There is hardly any serious entrepreneur or business owner who has not spared a thought for the health of their brand – if it is running optimally and growing or inefficient and dying. If it is the former, then it is advisable to keep on doing what you’re doing, but if the latter is the case, then it is about time you sit back and re-evaluate your business.
To help with a quick evaluation, here are seven (7) things to consider when searching for answers to the critical question: are you running a dying brand?
There’s turnover in team, vendors, and investors: This is a no-brainer, no one wants to stay put or even associate with any company or brand that is perceived as not growing. There are few things to look out for – an exit of several team members all at once, exit of key team members (especially foundation team members who share the dream and ideals of the company), investors, and vendors.
This is a signal that something isn’t right. It just might be the time to look deeper into your internal processes or task your Human Resource personnel to speak to team members on what the company needs to do better to prevent further drain.
Less and less engagement on social media: If your brand is active and consistent on social media, then it is expected that your followers and engagement continue to increase with time. Stagnancy or a lack of growth on diverse social metrics is a sure signal to look inwards. If your followers do not see any need to engage and interact with your brand virtually, then you might just need a change of strategy or direction.
Some form of perception management strategy may just be what you need to figure out your next line of action. Brand s like Hans and Rene have built a highly engaged social media community and drives conversations amongst its fans. If at any point the engagement begins to dwindle, they need to do an audit quickly.
Demands for discounts/value-adds: Contrary to widely held opinion that clients and customers always ask for discount, it has been proven many times over that people will pay a premium if they are sure of getting commensurate value. It’s a sign of a declining brand when clients who hitherto will pay face value for your products or services now begin to ask for discounts and value-adds (and are actually willing to shop for alternatives if they don’t get it from you).
If this keeps happening more often than necessary then this may be the time to rush the brand into the ER to be resuscitated.
When your earned media begins to deplete: Every brand should take on a life of its own after being sufficiently tended by its minders. Clients, investors, vendors, the media, and other stakeholders should know what to expect from it at any given time. When these entities develop an apathy towards it, and the media doesn’t consider the brand a newsmaker anymore then it is time to ring the alarm.

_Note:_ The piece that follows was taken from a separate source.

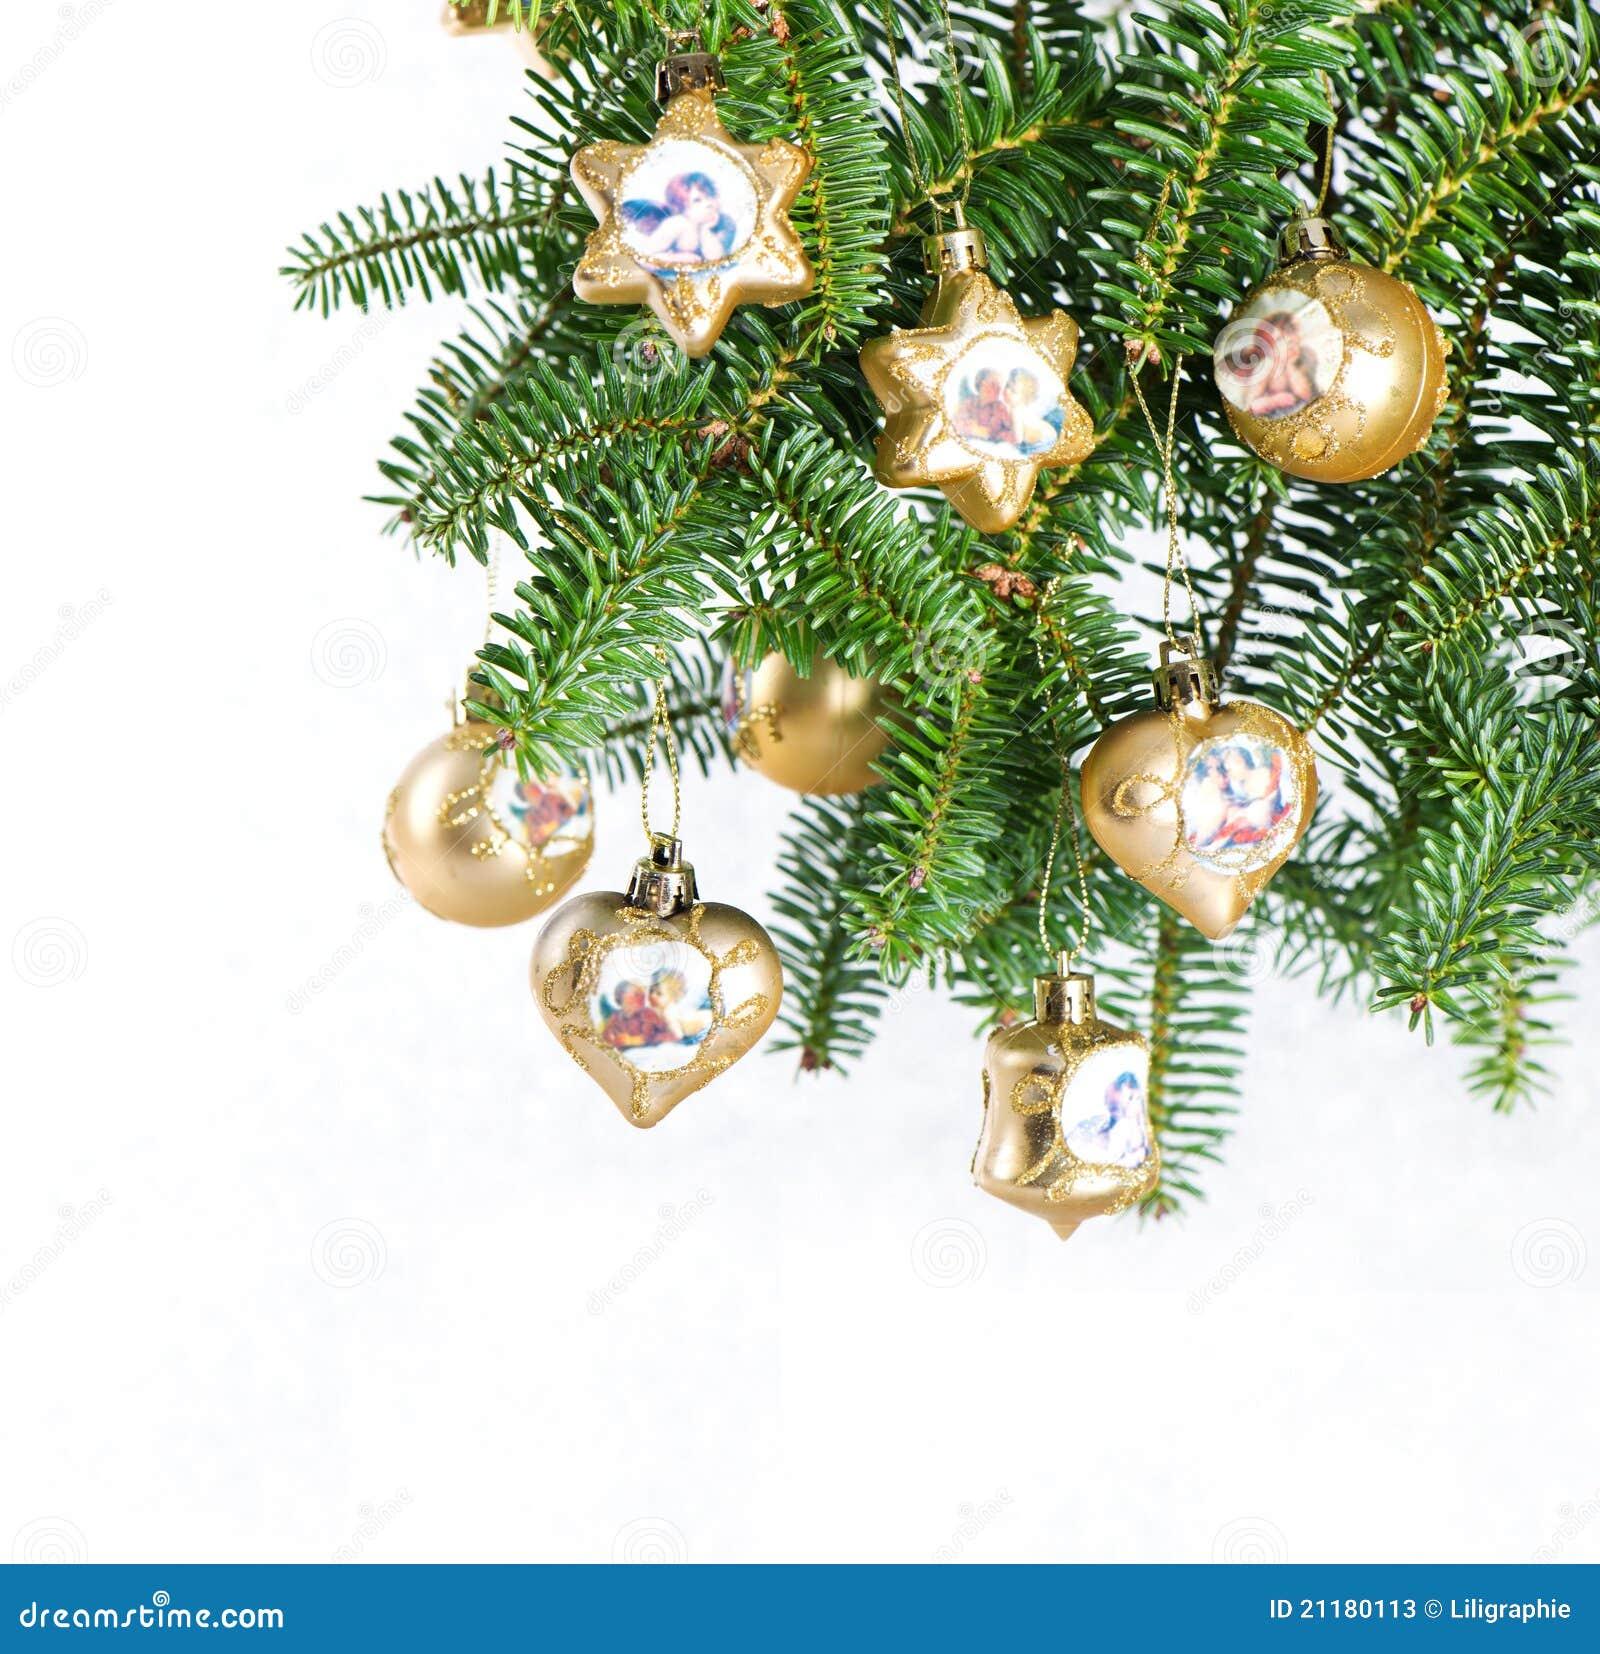 Christmas tree decoration. vinrage balls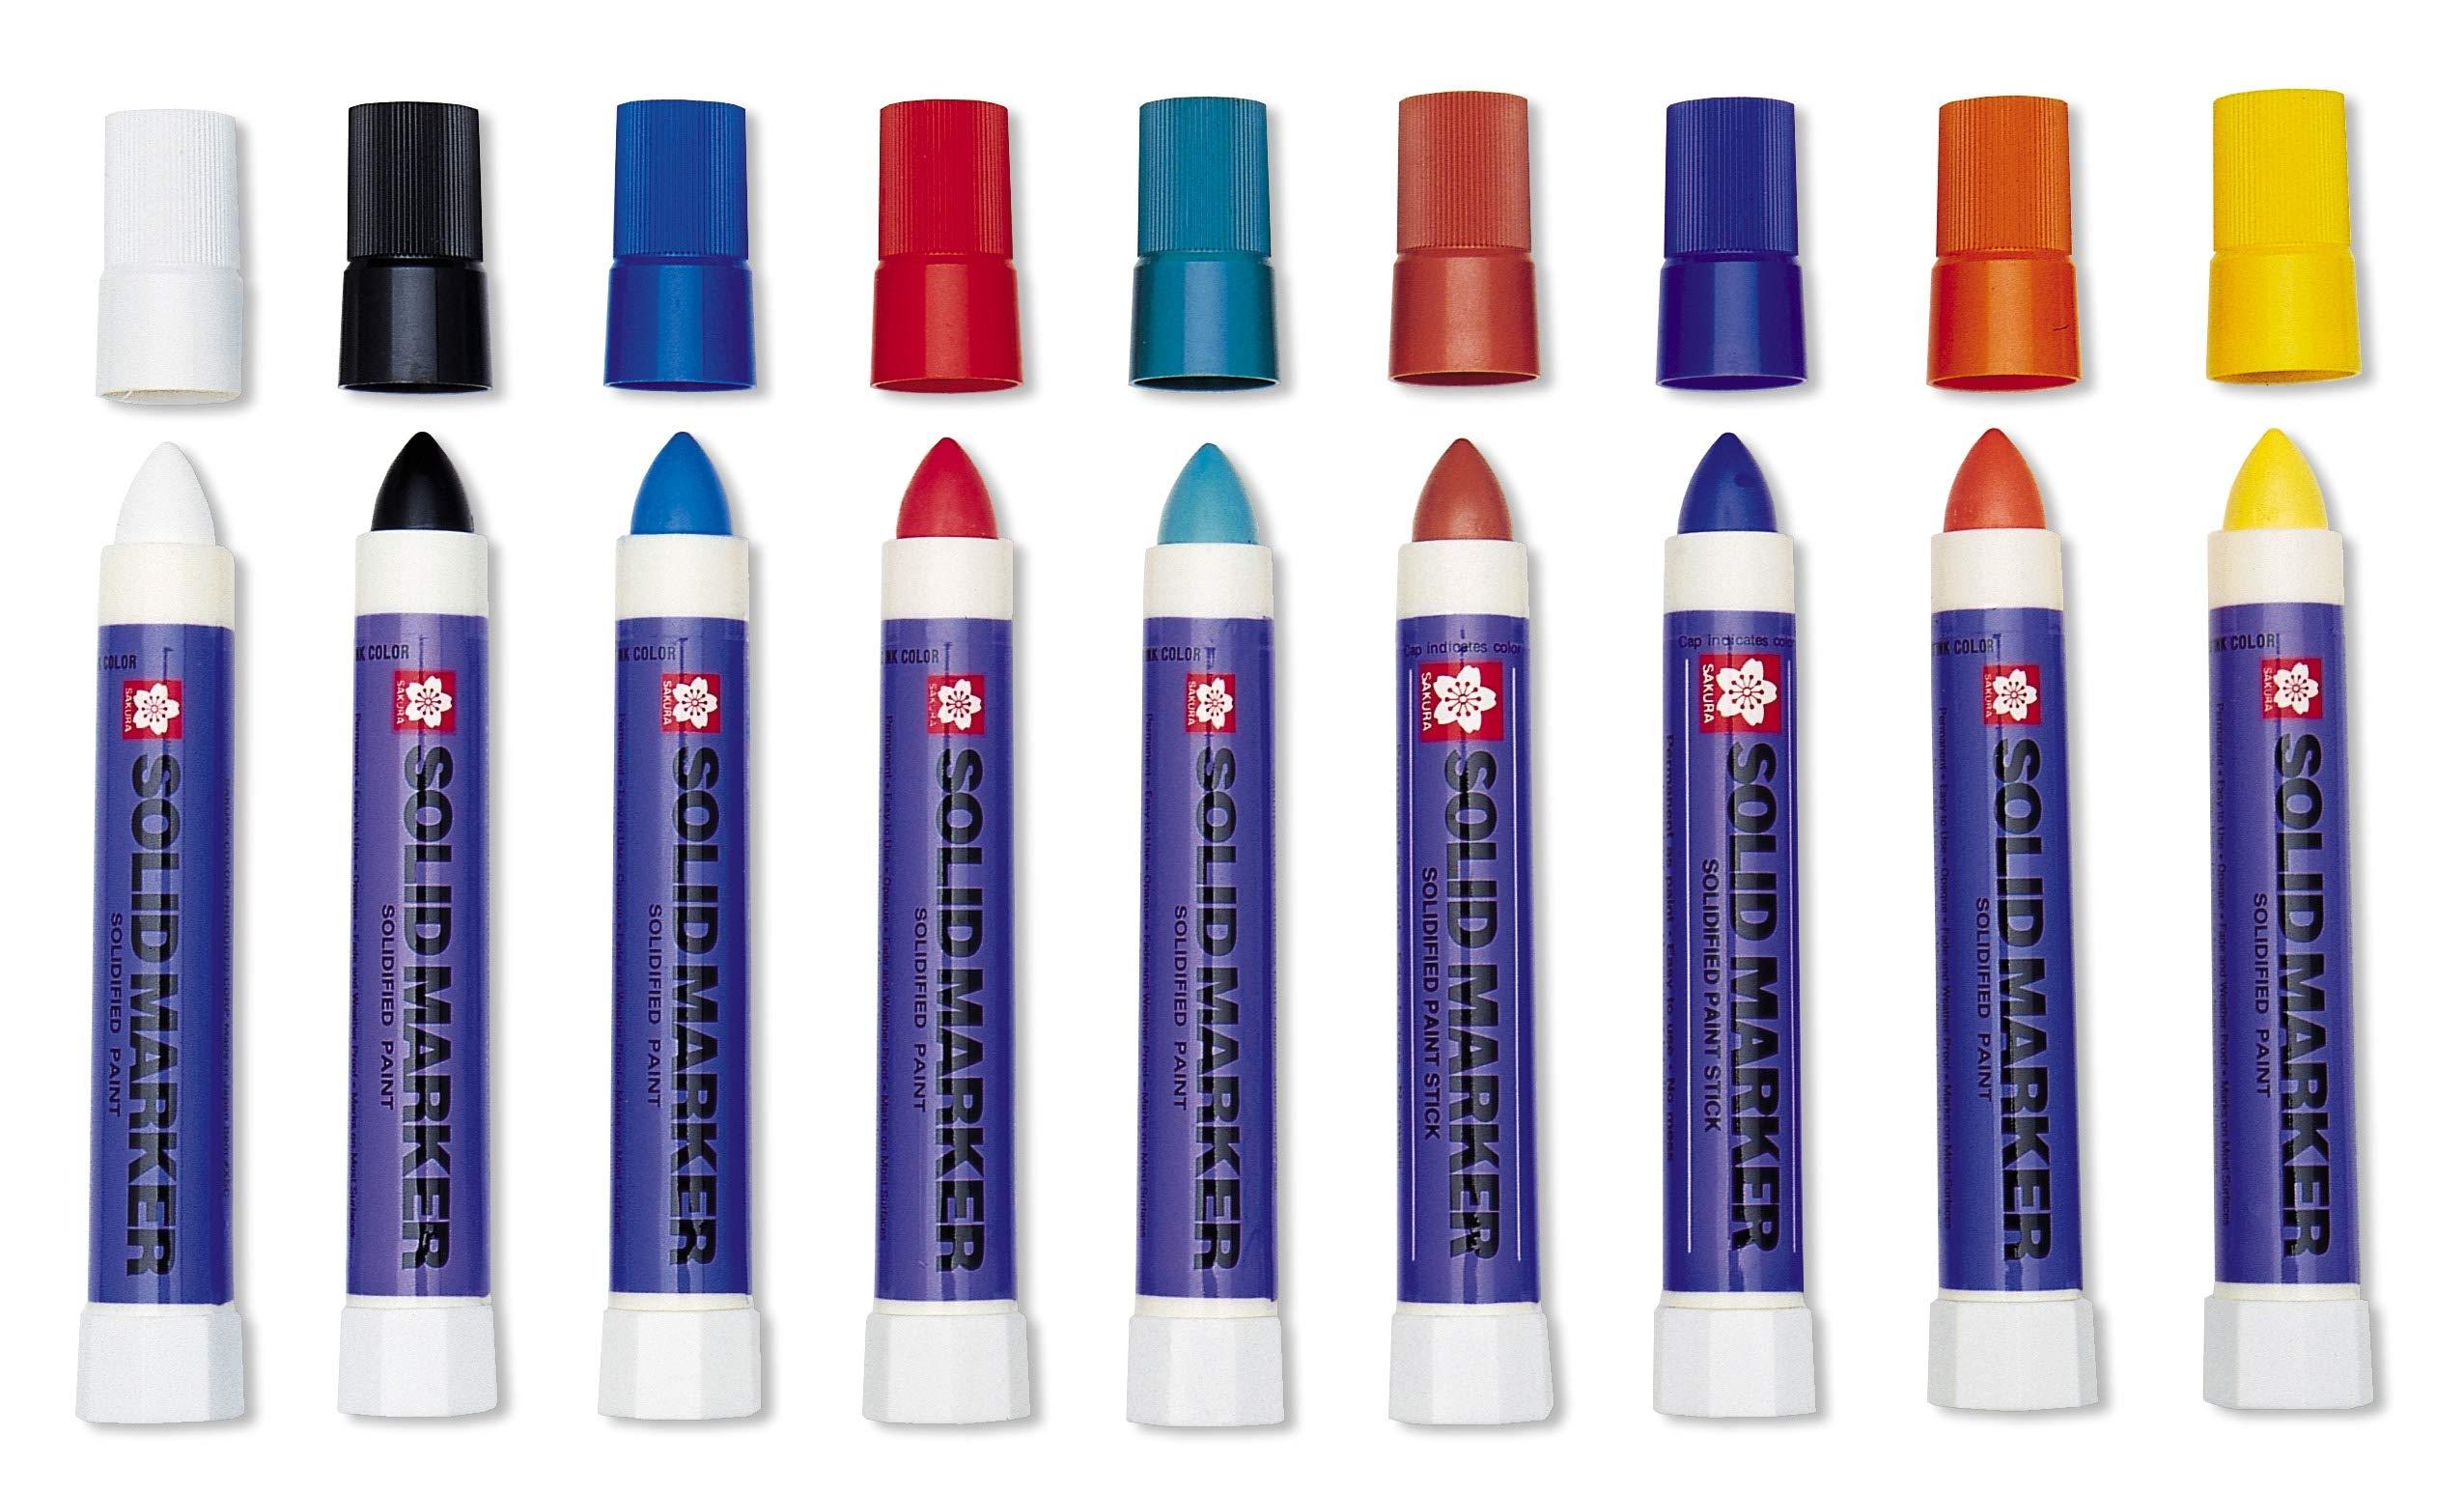 12 Assorted Colors Sakura Paint Marker Set

Journalists are in love with brands that drive buzz and excitement, and they are often willing to amplify such brands free of charge if it guarantees eyeballs for their platform. But if they don’t see the drive in you, then you’re likely to be left in the lurch. For a brand that needs engagement and top-of-mind awareness to thrive, that is not where you want to be. The only way out of this is to find innovative ways to drive buzz so as to attract the interest of the media.
The need for a brand refresh: How fresh is your brand? Before you answer this, just take a second to ask yourself ‘when was the last time your brand did something new?’ If your answer is “over 18 months ago”, then I am sorry to tell you that you are running a dying brand.
Most brands, just like anything that has life, has a cycle. And if nothing is regularly done to keep the brand fresh in the minds to stakeholders then this is a recipe for disaster. In a fast-changing world where technology and innovation controls the narrative, no company can afford to do the same thing while hoping to outgrow its competitors.
To move ahead, the brand handlers need to look at what others playing in the same field (locally and internationally) are doing to ensure that they are up to pace. This may just be the difference between life and death.
When you are doing more for less: This is an issue of momentum loss – when you are putting so much activity and energy into the growth of your company and the results appear to be inversely proportional to the effort. If this is the case with your brand, then you obviously need a new growth strategy.
As a business concern with years of experience, it is safe to assume that your people, processes, and brand profile should go a long way in advancing growth, but if all these are not making the difference and you have to put in money every time you need to advance then it’s time for an emergency procedure.
The apathy of brand advocates: Almost all brands have brand advocates who – due to past experiences – push the gospel of the brand without expecting anything in return. These set of people are a useful bunch when you need to check the pulse of your brand.
They go where your advertisements and online promotions cannot. And since they are advocating your brand after getting a feel of it and gaining value, they are more likely to wield credibility.
I have personally been a brand advocate for a variety of brands including Salt Lagos, The George Hotel, Lufthansa Airlines, amongst others. A series of experiences at The George has however caused me to withdraw so much that in a recent Branding class, I found myself calling it a brand I used to love. Now, no brand wants to be mentioned this way, and as entrepreneurs it really can be tough, we just need to do our best to ensure that the 20% creamy advocates are locked in and super happy, while working hard on making another 60% satisfied.
Always be on the look-out for influencers who come in contact with your brand and ensure your fix their issues – that is guaranteed to keep them coming back.
Brand advocates are the people you need to court religiously because they play a major part in driving your brand’s growth – you lose them, you lose it all.